I can’t help but wonder what the CNBC author was going to write. It’s not a sentence I ever thought I would put down, but in this case the omission might have meant something. In reporting on auto sales yesterday, the article started out with the ultimate cliffhanger:

Major automakers reported lower U.S. new vehicle sales for February on Thursday as consumer

As consumer what? Obviously, a mistake in the editing process, an-all-too-familiar occurrence in the modern media landscape where the very idea of an editor is becoming outlandish. Still, given where we are in this inflation and boom hysteria, please, CNBC, finish the thought!

A more cynical reader might expect the original text would have done so by saying the usual, something like “Major automakers reported lower U.S. new vehicle sales for February on Thursday as consumer spending continued to be strong, robust, and downright booming otherwise.” It would have been a hard case to make given these results, but since when has the media failed to live up to that challenge before? Alas, we will never know honesty or typicality.

The numbers weren’t good for the vast majority of the auto sector, as sales in the aftermath of the hurricane aftermath continued to wind down.
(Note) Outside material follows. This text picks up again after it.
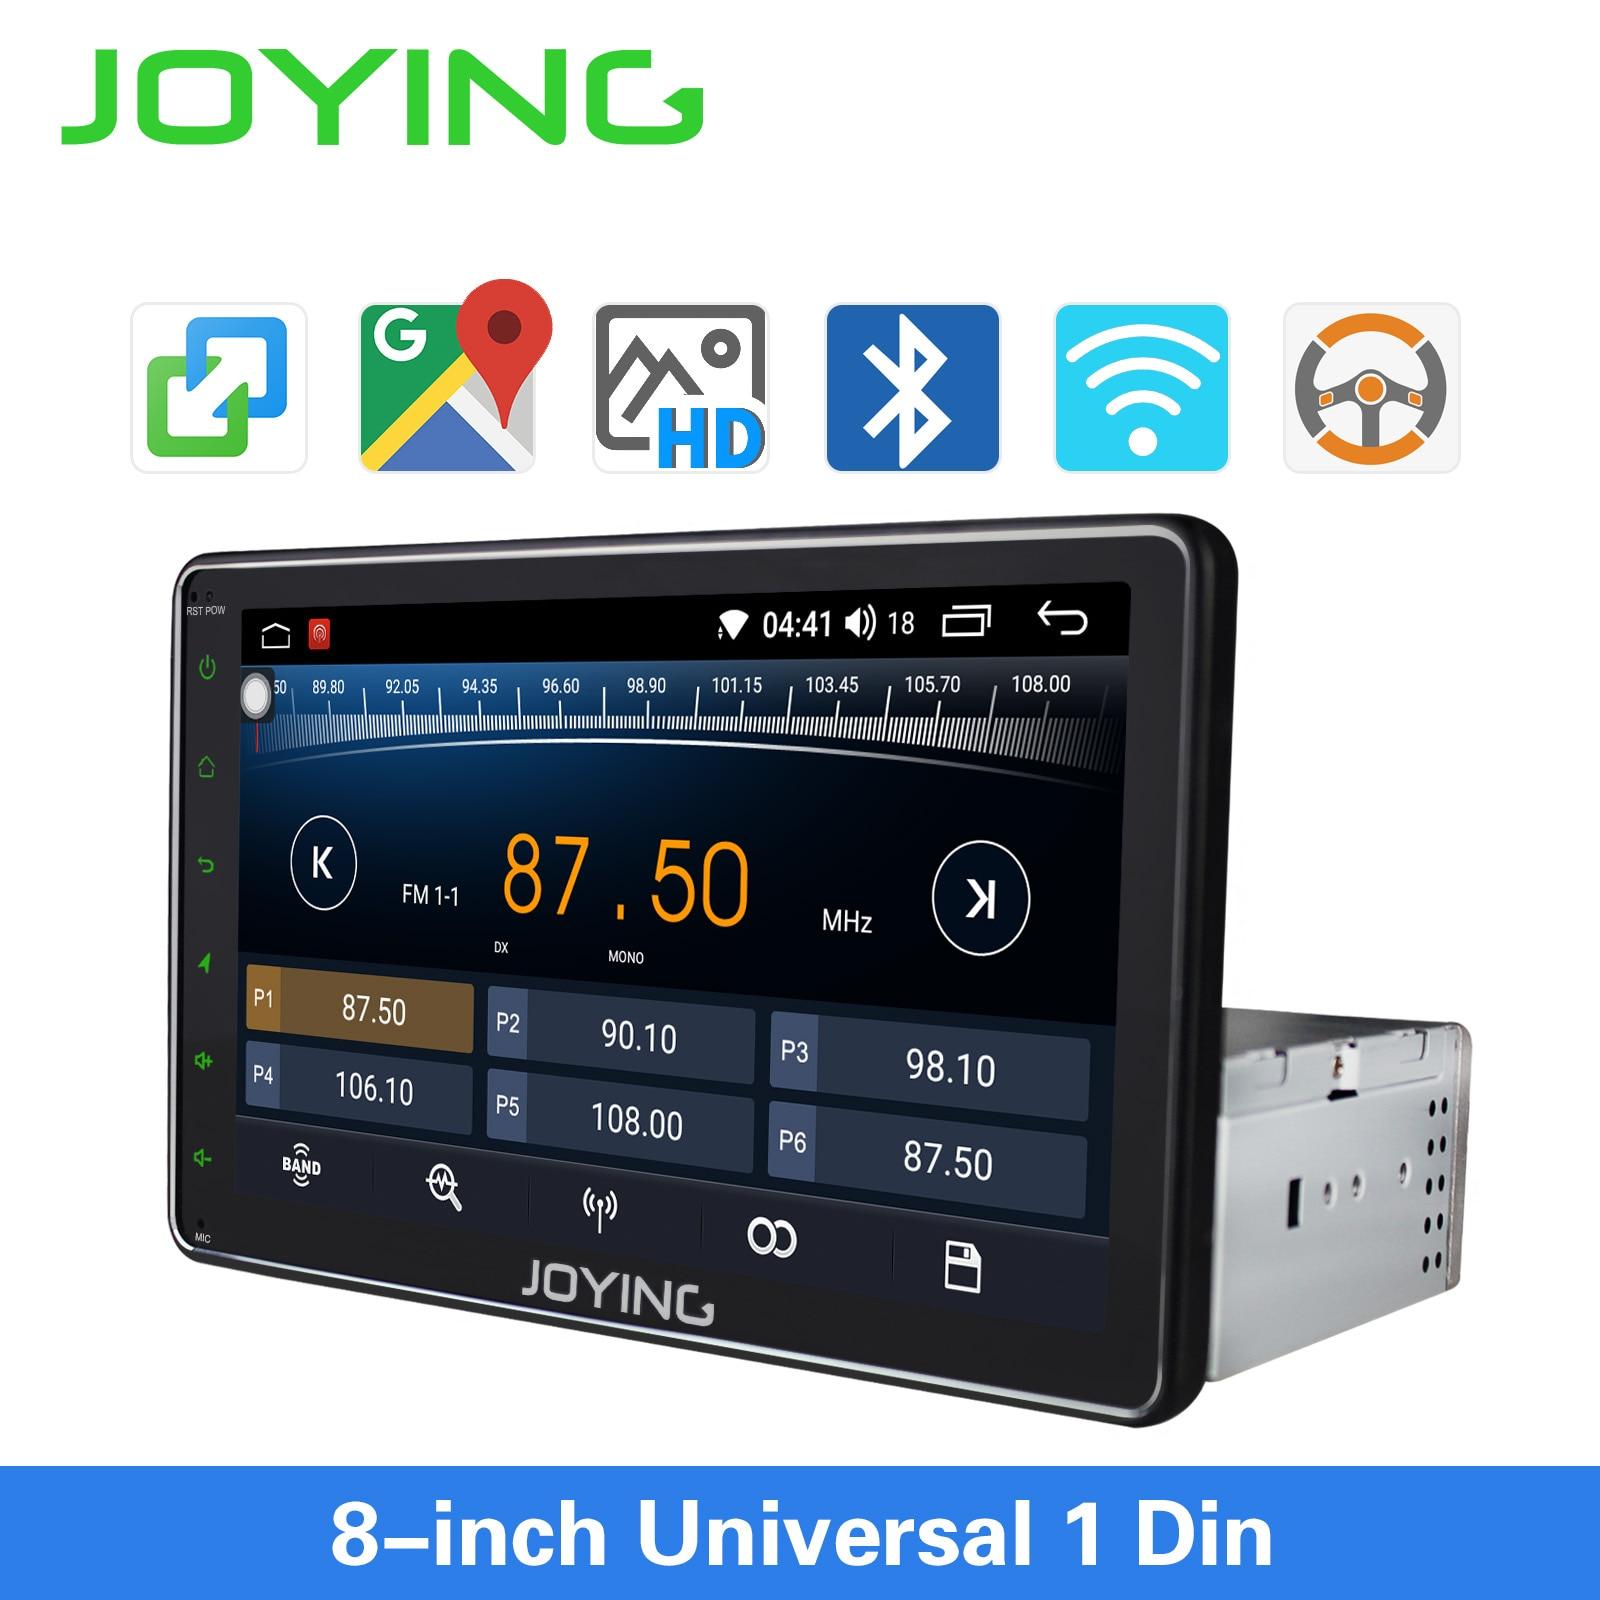 JOYING single din universal car radio 8 inch IPS screen autoradio head unit GPS suport mirror link& fast boot&s*back up cameraCar Multimedia Player   -

The rundown for February 2018 (all rates are year-over-year): GM -6.9%; Ford an identical -6.9%; FCA -1%; Nissan -4%; Honda -5.6%. On the plus side was +4% for Toyota on the strength of its redesigned Camry; and +6% for VW.

There were a few more ominous developments alongside these disappointing results. First, the trend toward heavy incentive spending by automakers is starting to look like it may have run its course. Manufacturers throughout last year went deep into their own pockets to subsidize what turned out to be flat sales at best, and for most slightly declining volume.

Mark LaNeve, Ford VP of US Marketing, Sales, and Service, said:

In February, overall Incentive spend for the industry was down $65 year over year, and was down $50 sequentially to January. This is really a change from what we saw most of last year and in fact what we saw most of the last three years when year over year changes in incentive spend were up on average $300 to $400 consistently during that entire time frame.

That may or may not be related to how sales of pickups and other light truck vehicles such as luxury SUV’s have softened after the sales boost following Harvey and Irma. Light trucks are higher margin products, a factor that has helped to a certain extent cushion the industry over the past several years as the labor market has slowed – and auto sales with it.

Overall, it has been the car segment which has been eschewed by consumers, the lower end vehicles that would be in demand by those same workers and potential workers who have become more uneasy about the labor market. The shift in gasoline prices since the oil crash has also rebalanced demand, too, toward light trucks and against smaller more fuel-efficient vehicles.

Mark LaNeve again:

The optimistic view is that people are just waiting for their next generation of trucks. The negative view is that good truck sales are in the rearview mirror.

Truck sales are for most still higher than they were last summer when sales of everything verged on outright contraction. There is still, however, a clear artificiality to the most recent months following last summer’s tropical eruption.

As for cars, this has to be a multi-faceted issue. The numbers are otherwise staggering; from August 2014 through and including the latest estimates for February 2018, the BEA figures car sales are down by almost one-third. Obviously, light trucks have picked up some of that slack, representing the rebalancing mix, but given that at the margins it hasn’t been enough to keep sales growing suggests a deepening macro divide in addition to gasoline and whatever else.

If truck sales falter here, and car sales continue to slip, then the profit squeeze becomes more and more of a primary rather than background consideration. Maybe manufacturers are content with production at these lower levels if incentives worked especially in the truck space, but profit growth can’t be put off forever.

It’s another major economic drag made out from the primary economic drag – the labor market.

In other words, there isn’t any reasonable expectation that auto sales are about to boom. If there was one, and some manufacturers last fall had expressed vague hopes they were, it was predicated on little more than broken windows. The predicted boost to sales in autos as well as other things as a consequence of storm-destroyed automobiles does not appear to have unleashed an economy-wide shift (the long sought “S” curve of Paul Krugman fame). It was quite often talked about in that way, of course, but it could only ever have been temporary.

Automakers in particular now have to face the prospects of a double downside; sales trends are moving back toward last summer’s weak pre-hurricane baseline to start with, and then comes the negative drag of all those broken windows (and who will eventually pay for them, and it wasn’t ever going to be insurance companies). Throw in questions about manufacturing profits, and downside (economic) risks in 2018 are even more than they ever were in 2017.